默契(第3页)
她转身走进去的时候他站在玻璃墙外面,手攥成拳攥得指节发白,脑子里翻来覆去只有一个念头——
她想让他走他自己的路,他就走。她不想他为了她把自己的人生缩成一条窄巷,他就如她所愿,去走一条宽敞的、堂堂正正的路。
可他走到今天,邃裕做到业内顶尖,珧悦十二家门店从南到北铺开,整个珀城提起“池颢”两个字再没人敢轻慢。
却发现,那条路走到尽头,他还是想回来。
怨过,痛过,委屈过。
还是想蹲在她脚边,等背着她的时候,她在他背上腾出手来揉乱他的头。
所以不管那个英国来的男人是谁,他都不会放手了。
是男朋友又怎样,谈恋爱可以分手。
甚至结婚都没所谓,洋证在这地界根本不起作用。
池颢在办公室里把这套逻辑从头到尾推了一遍,猛然惊觉自己的下限比想象中还要低。
他自嘲笑了一下,站起来拿了外套,让司机备车。
池颢走在后廊里,银杏叶从头顶飘落下来,擦过他的肩头落在地上,他觉得那些念头都变得轻飘飘的,像被风吹散的蒲公英。
不是男朋友。她亲口说的。
她喊那一声的时候耳朵红得像要滴血,眼睛瞪得圆圆的,又恼又急,像小时候被他说中心事之后恼羞成怒的样子。

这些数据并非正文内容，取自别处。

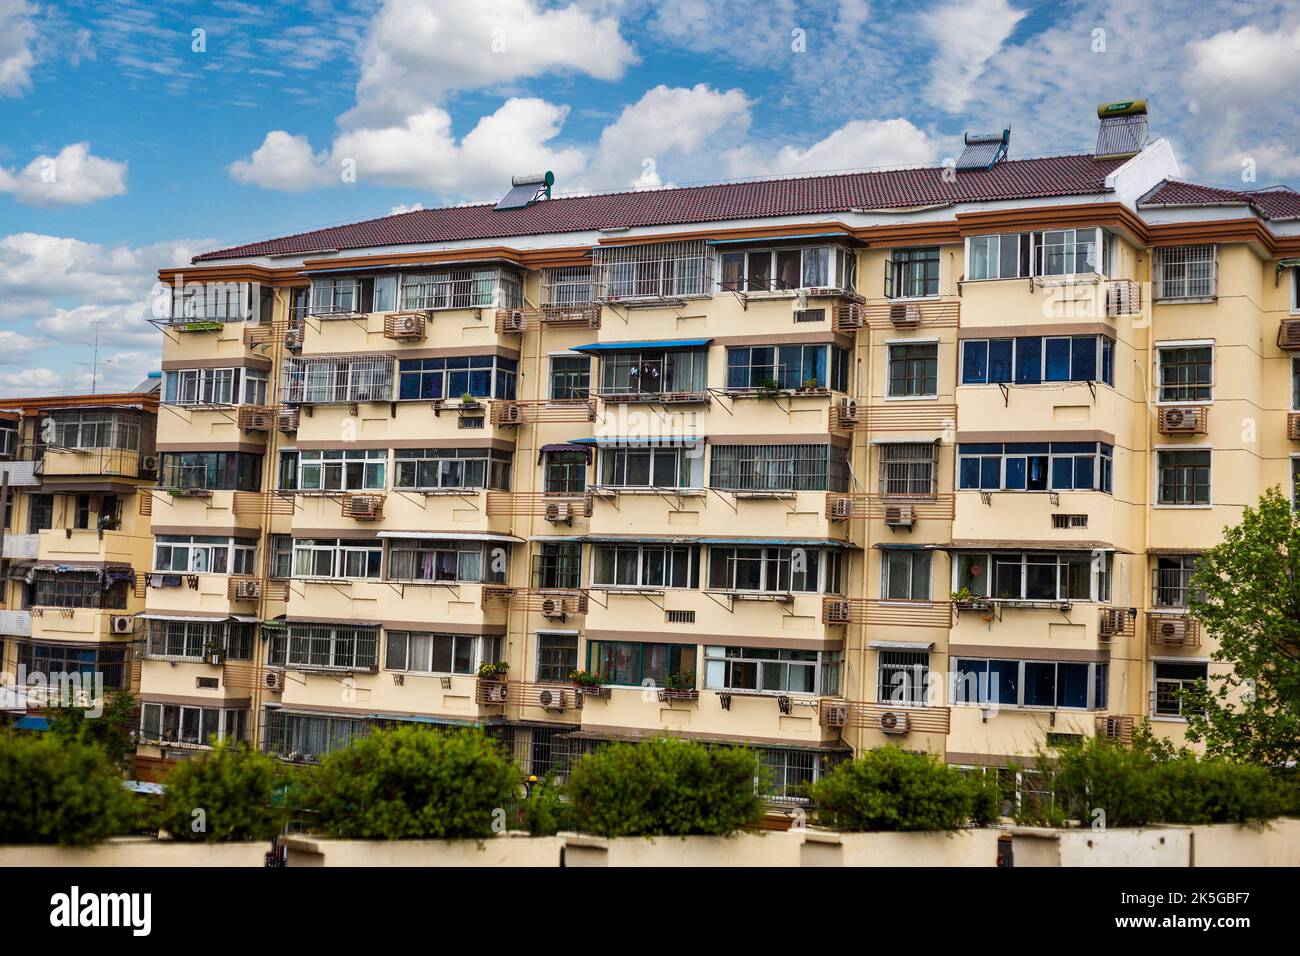 Nanjing, Jiangsu, China.  Apartment Building with Individual Air Conditioners for Each Flat.  Note Solar Water Heaters on Roof. Stock Photo
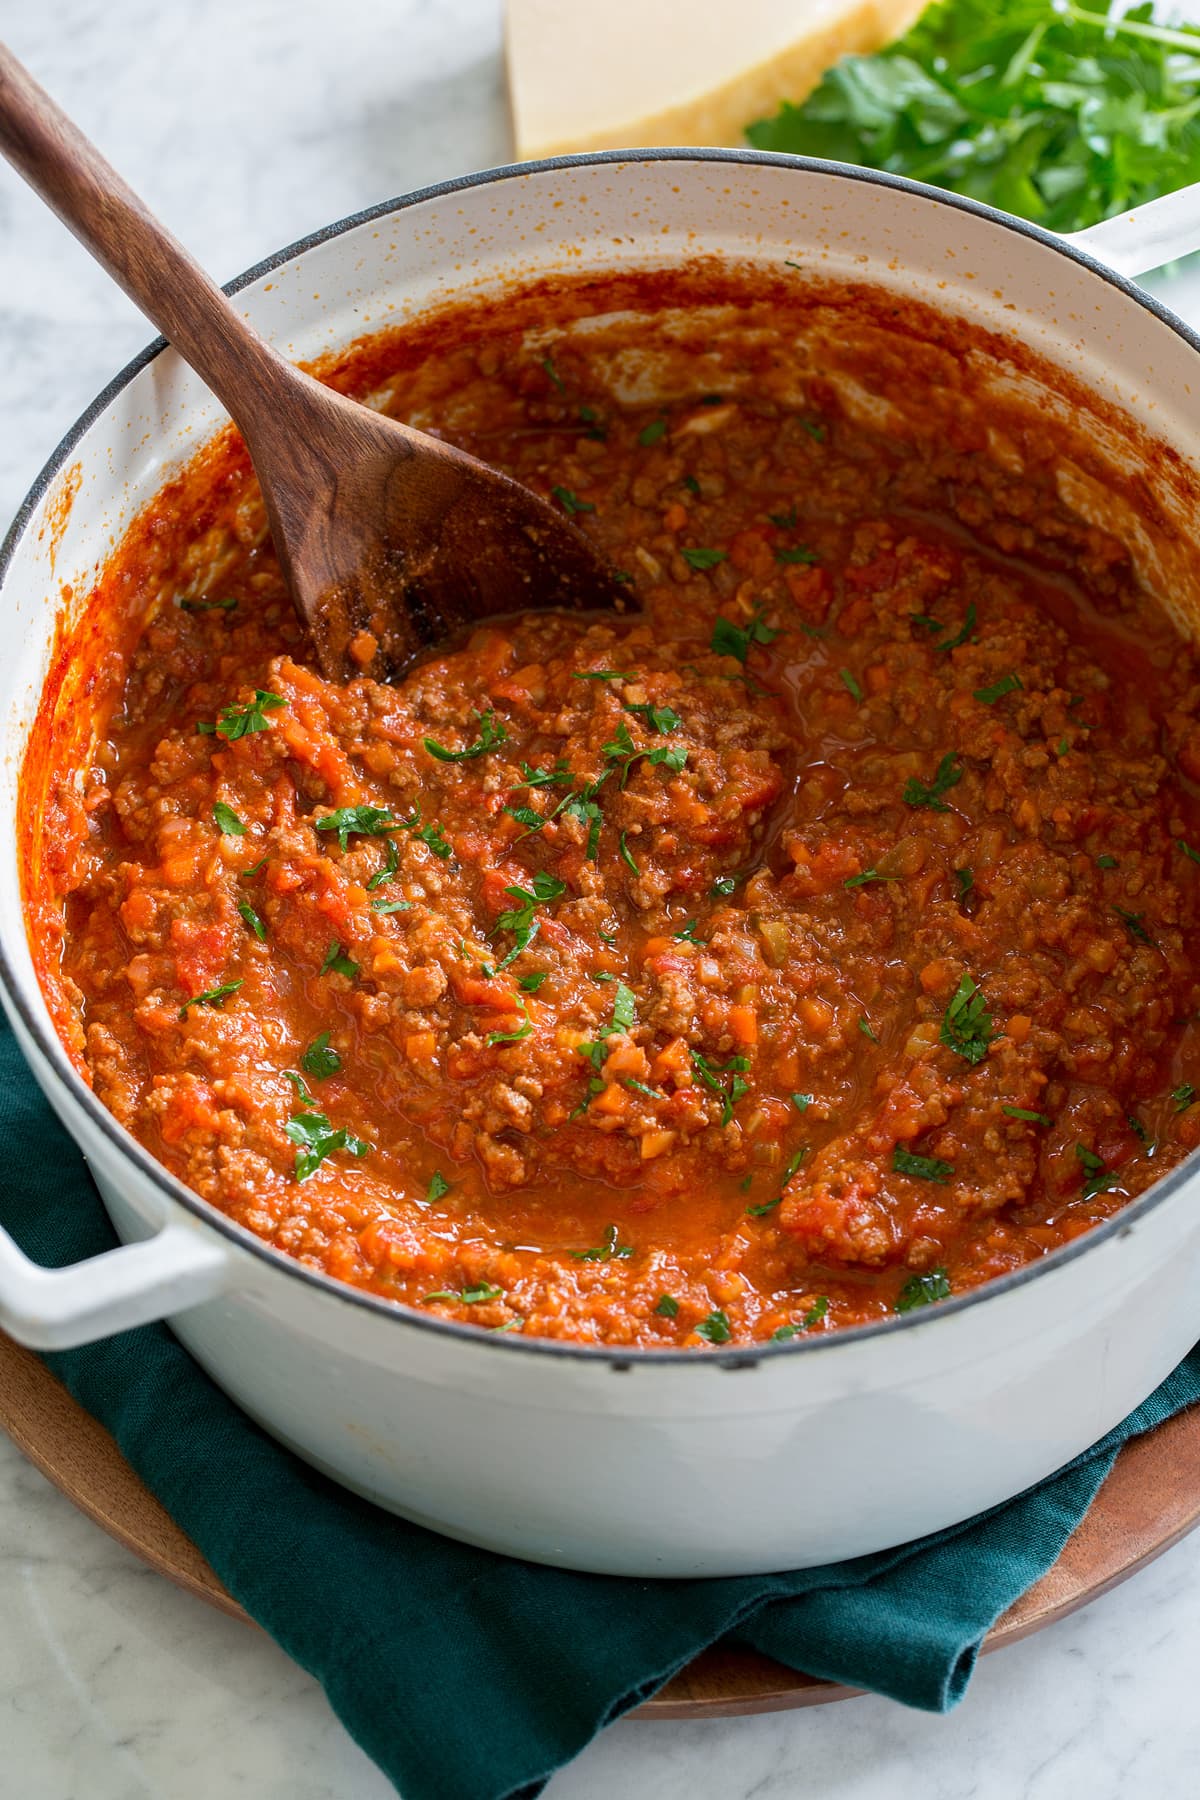 Large pot filled with homemade bolognese sauce.

十几年了,她在他面前撒不了一点谎,所有的掩饰都会在那双琥珀色的眼睛里露出马脚。
她说不是的时候,是真的不是。
池颢停下脚步,站在银杏树底下,仰头看了一眼头顶那片被金黄色填满的天空,忽然觉得这山里的秋日好得不像话。
天是蓝的,叶子是黄的,风是凉的,他的心跳是快的。
他抬手按了一下胸口的位置,心里头那个悬了半个月的石头终于落了地,砸出一片尘土飞扬的余震,震得他五脏六腑都是麻的。
手机又震了一下。还是裴继尧。
“所以,你打算怎么办?”
池颢低头打字,打完又删,删完又打,最后只发了四个字过去:“看着办吧。”
裴继尧回得很快:“看着办?您昨晚上那副恨不得把人家英国朋友的脑袋盯出两个窟窿的样子,叫看着办?”
池颢哼笑了一声,把手机揣回兜里,转身往回走。走了两步又停下来,重新掏出手机,打了一行字:“继尧,谢了。”
裴继尧那头隔了会儿才回:“谢什么,哥儿几个从小在我家院里窜来窜去,我连阿正那只猴子都忍了,还差你这条狗?”
池颢哼笑出声,把手机彻底关了屏。
他回到酒店主楼的时候正好是上午十点半,前台的小姑娘见他过来,小声说了句:“池总,宗月女士还没下楼。”
“嗯。”他点了点头,脚步没停,径直穿过了大堂,从侧面的走廊拐进了茶室。
还是上次那间茶室,还是上次那个靠窗的位子。他坐进去之后没点茶,只是隔着落地玻璃窗望向大堂的方向。
过了一会儿,服务员端了一个托盘过来,上面搁着一只白色的薄胎瓷盅,圆盖,没有棱角,细腻的胎体在日光下透出一点温润的光。
“池总,陈师傅做的,您尝尝。”
池颢揭开盖子,椰汁的香混着荔枝的清甜扑上来,表面浮着一层薄薄的燕窝丝,在奶白色的汤底里像细细的银线。他用勺子舀了一口送进嘴里,温度刚好,甜度刚好,荔枝肉的脆和燕窝的滑在舌尖上叠在一起,一层一层化开。
跟记忆里的味道几乎一模一样。
他把盖子重新盖好,对服务员说:“叫他再做一份,十一楼那间套房,等客人起来了送上去。”
服务员应声去了。
池颢坐在茶室里,日光从窗户斜斜照进来,把桌面那杯还没点的茶壶影子拉得很长。他靠在椅背里,双手交叉搭在身前,看着电梯口的方向。
她喊出来的那一句还在他耳朵里转着,隔了一夜也没散。
他的嘴角又弯了起来。
算了,他心想,狗就狗吧。
反正在她面前,他这头狗当得心甘情愿,越当越有劲。